Task: Output the whole listing exactly, with no pictures.

Data provided:

/---

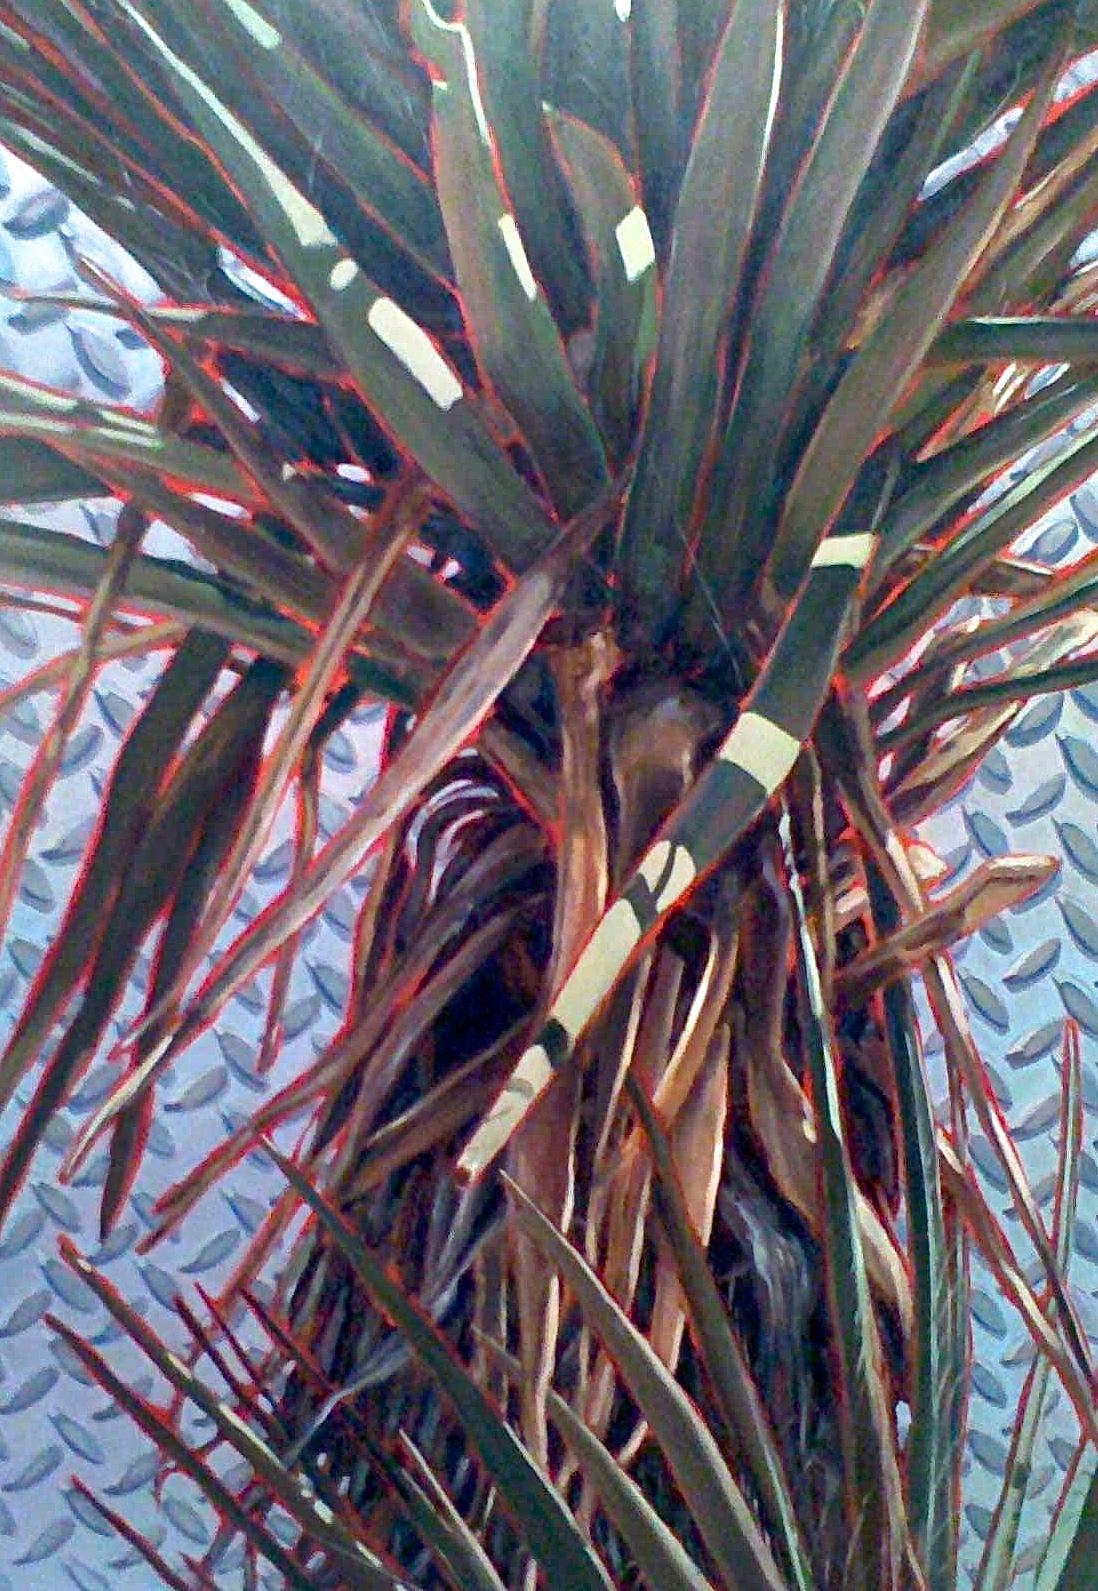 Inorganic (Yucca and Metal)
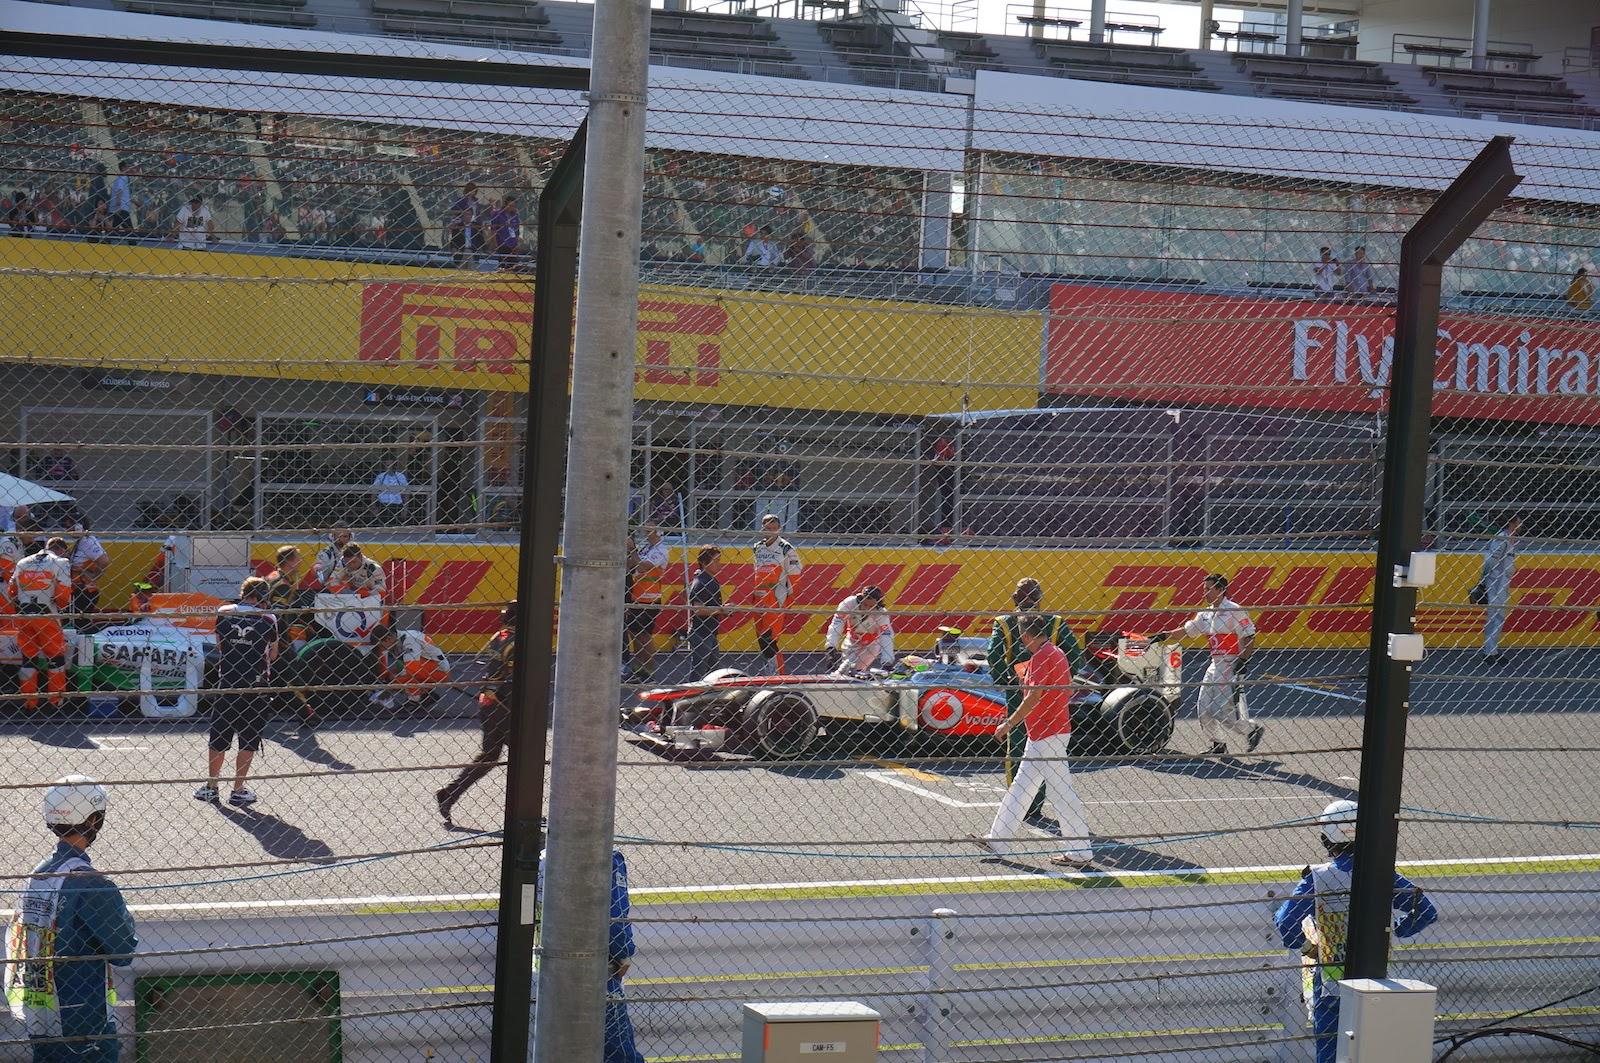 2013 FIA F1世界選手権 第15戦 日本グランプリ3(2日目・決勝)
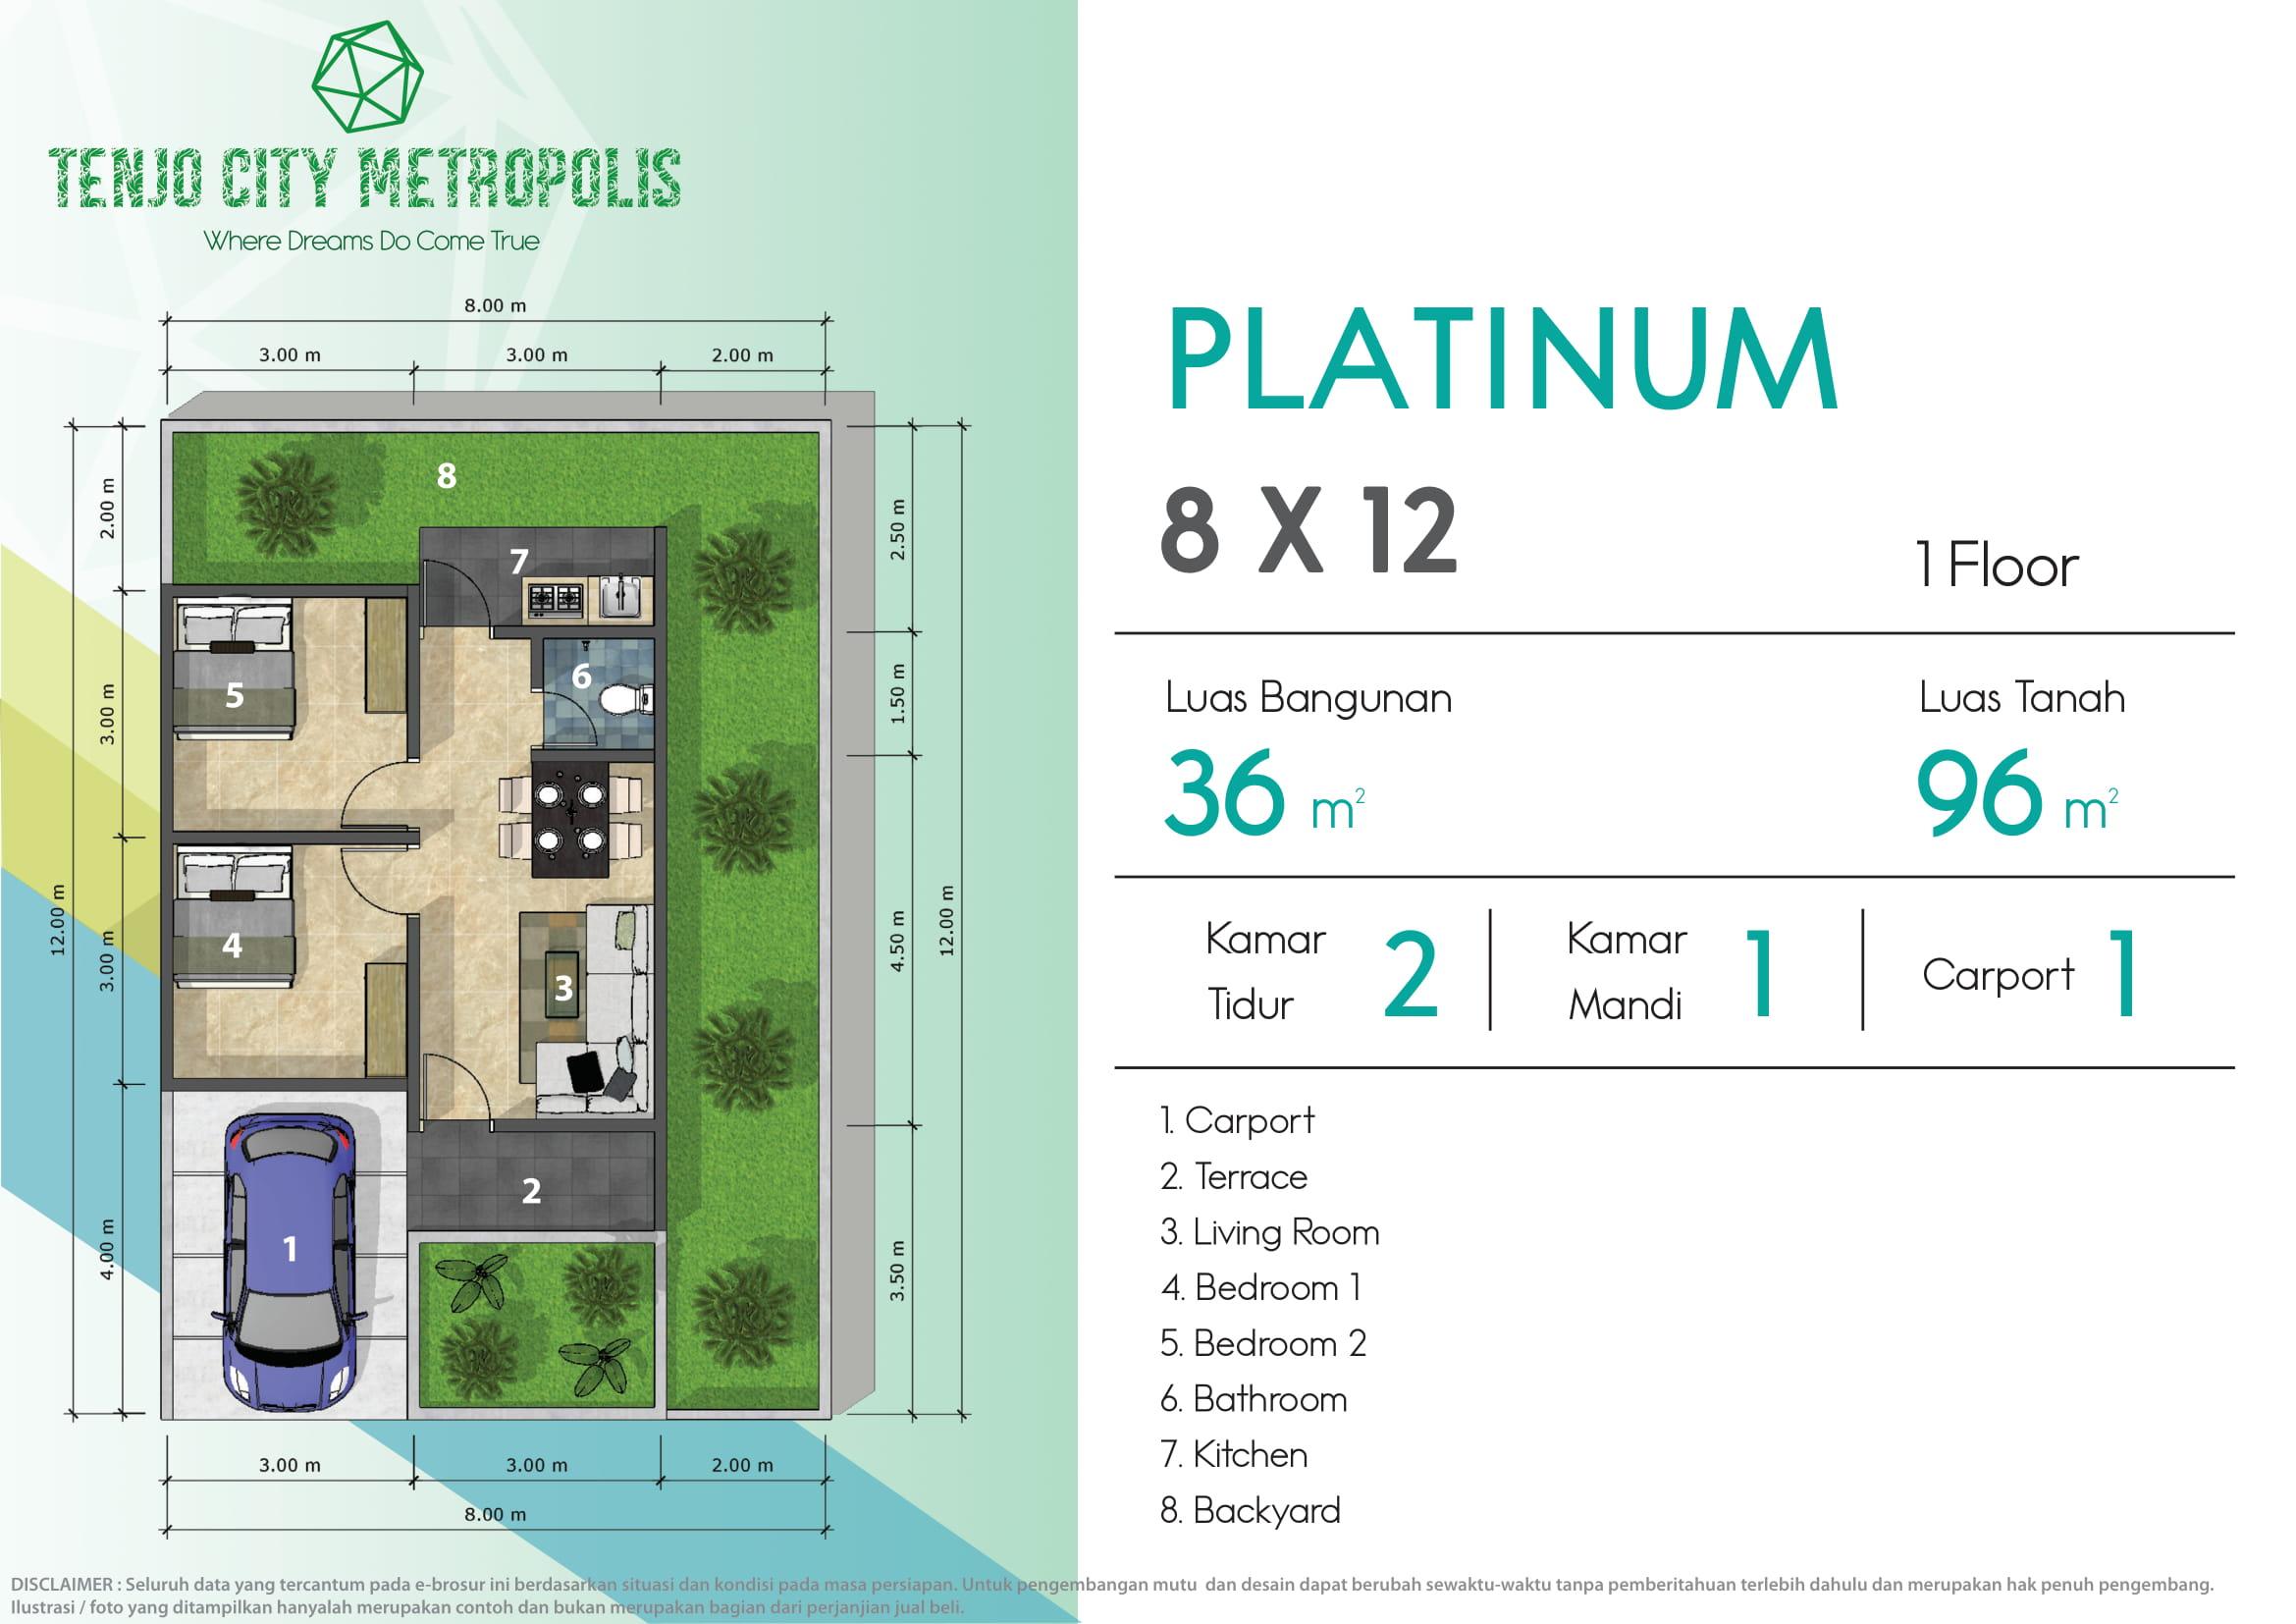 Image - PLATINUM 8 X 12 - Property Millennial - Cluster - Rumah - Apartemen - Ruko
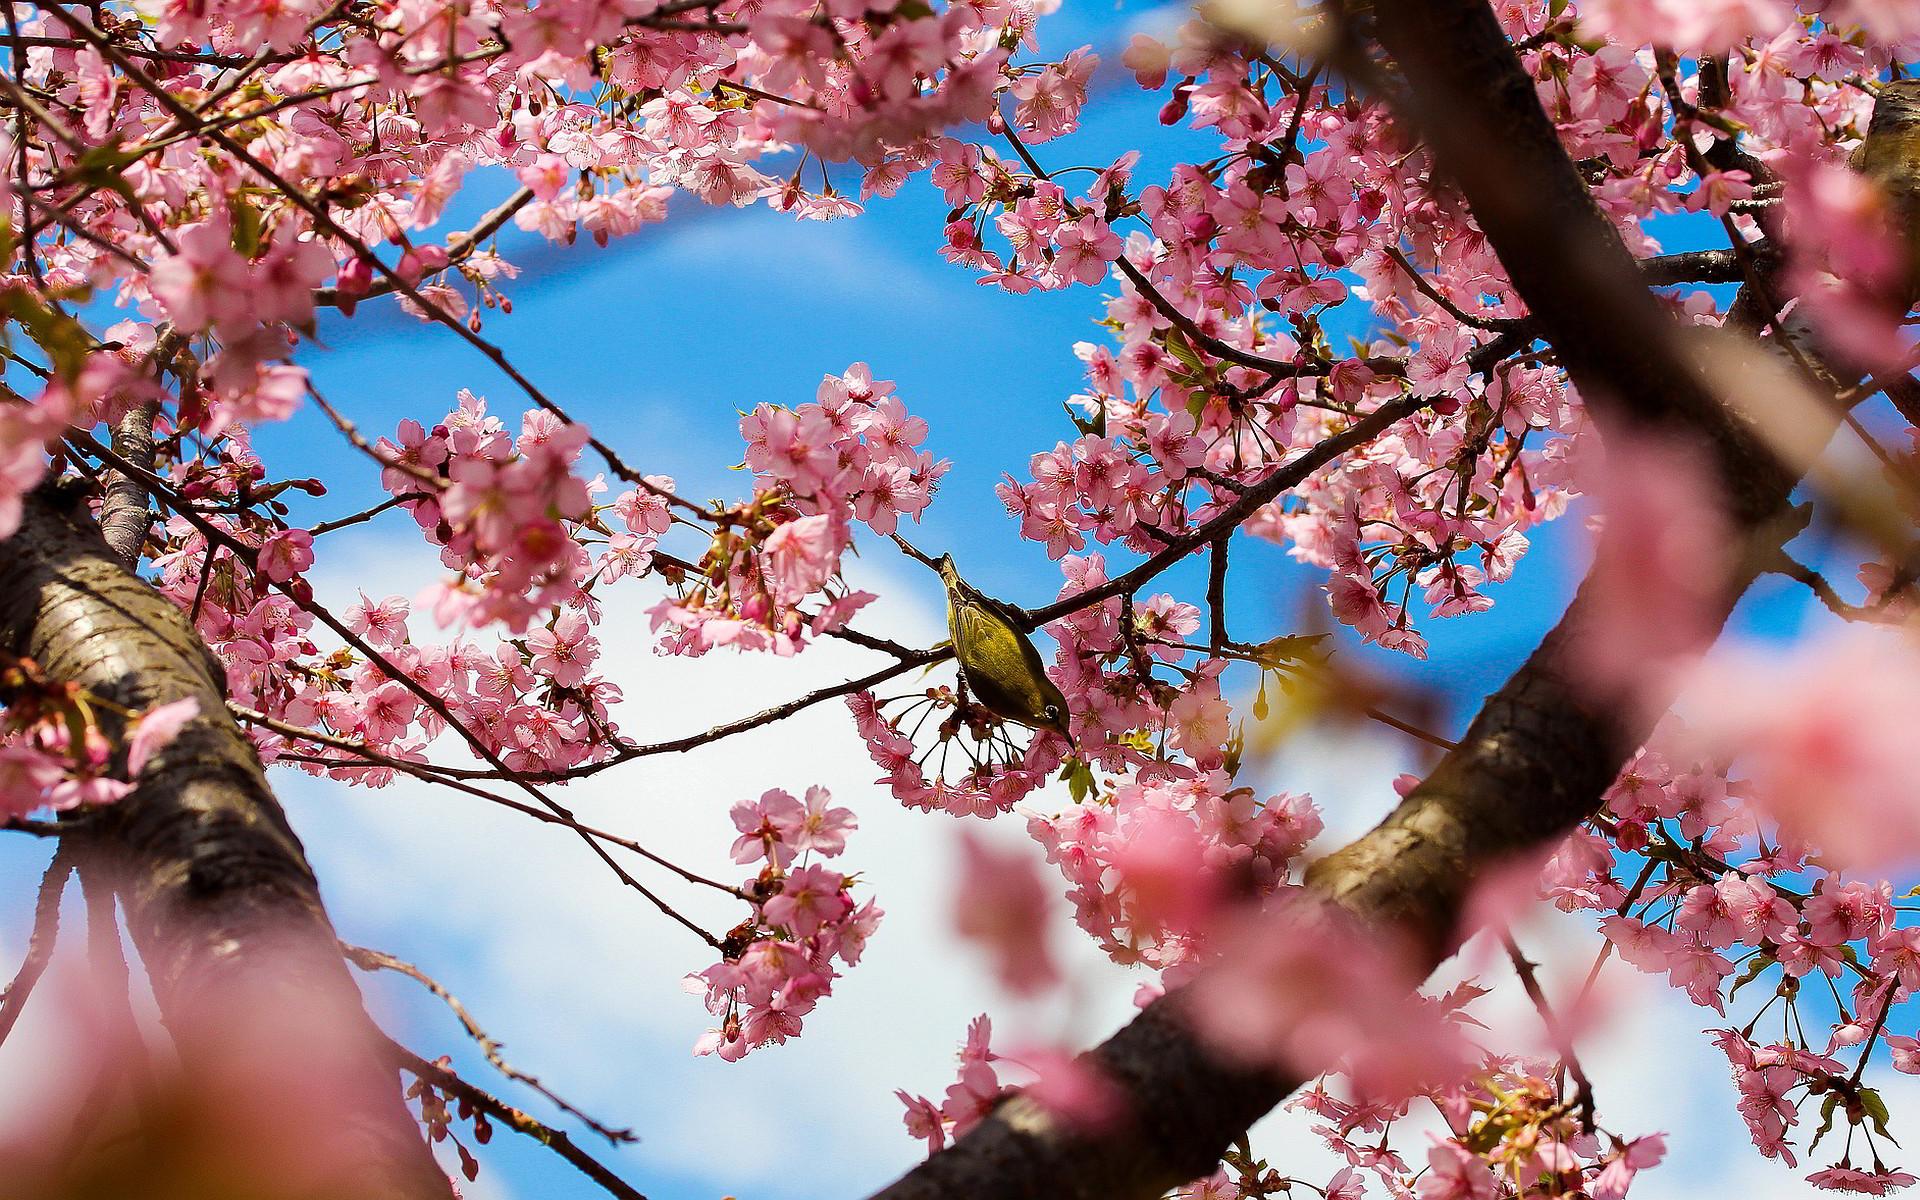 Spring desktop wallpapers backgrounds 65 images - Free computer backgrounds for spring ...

\---

Answer section:
 Inorganic (Yucca and Metal)
 2013 FIA F1世界選手権 第15戦 日本グランプリ3(2日目・決勝)
 Image - PLATINUM 8 X 12 - Property Millennial - Cluster - Rumah - Apartemen - Ruko
 Spring desktop wallpapers backgrounds 65 images - Free computer backgrounds for spring ...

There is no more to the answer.